Enhancing Circuit Protection with Varistors
Overview: This article reviews varistors for safeguarding electronic circuits against voltage spikes. It explores the construction, working principles, key parameters, and their crucial role in protecting electrical systems from transient overvoltages.
A surge is a transient occurrence that happens due to a high current or voltage. It damages various electronic components by abruptly and destructively raising the voltage.
Electronic components known as surge protection devices are used in communication and power supply systems to protect electric and electronic devices against voltage spikes.

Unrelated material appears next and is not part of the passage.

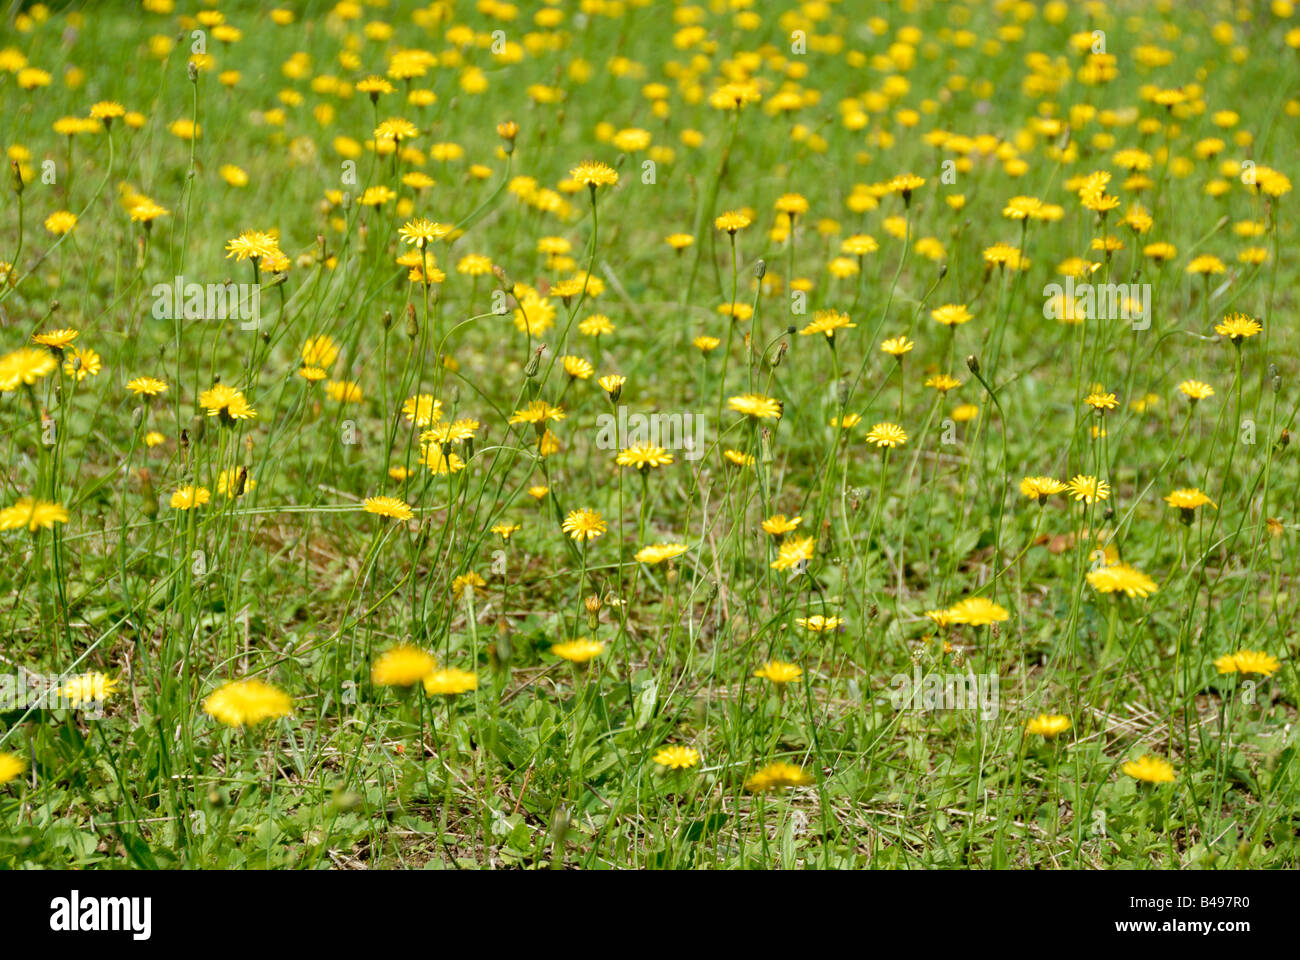 Stock photo of a field of Hawkweed yellow flowers Stock Photo

Varistors are one type of device that discharges the surge current by functioning as an insulating circuit that changes into a short circuit.
What is a varistor?
A varistor, as shown in Fig. 1, is a non-linear, voltage-dependent semiconductor diode that quickly suppresses voltage to protect electrical circuits against spikes in voltage.
The varistor is also known as a voltage-dependent resistor (VDR) because its resistance changes in response to applied voltage. It shields the circuit's component parts from damage by absorbing potentially hazardous energy and dissipating it as heat.
Fig. 1: Varistor component used in electronic circuits. Source: Rakesh Kumar, Ph.D.
Construction of Varistor
A varistor is also referred to as a metal oxide varistor (MOV). As the name implies, it comprises a mass of zinc oxide and minor amounts of other metal oxides, like bismuth, cobalt, and manganese, sandwiched between two metal plates that act as electrodes, as shown in Fig. 2.
The substance has a crystalline structure made up of conductor-like metal oxide particles that are arranged at random angles. Resistive ceramic intergranular barriers separate these conductive particles.
The interface between each metal oxide grain and its boundaries forms a diode junction, enabling unidirectional current flow. This structure illustrates the characteristics of a P-N junction semiconductor.
Fig. 2: Illustration of the workings of a varistor. Source: Rakesh Kumar, Ph.D.
Working of the Varistor
When a moderate voltage is applied, the varistor usually acts as an open circuit with high resistance, preventing the current flow. A very slight current flow is detected because of the junction leakage.
When the voltage rises above the varistor's breakdown voltage, the diode junction breakdown causes a short circuit and lowers resistance, which permits current to flow. Conducting current via the varistor protects the other linked circuit components by clamping the voltage to safe levels.
Consequently, there is a non-linear relationship between the current-voltage characteristic of having low resistance at high voltage and high resistance at low voltage.
Applications
Varistors are bidirectional components used in AC and DC power electronic circuits to protect against transient overvoltage. It can reduce voltage spikes when used in conjunction with other voltage suppression components like diodes and zener diodes.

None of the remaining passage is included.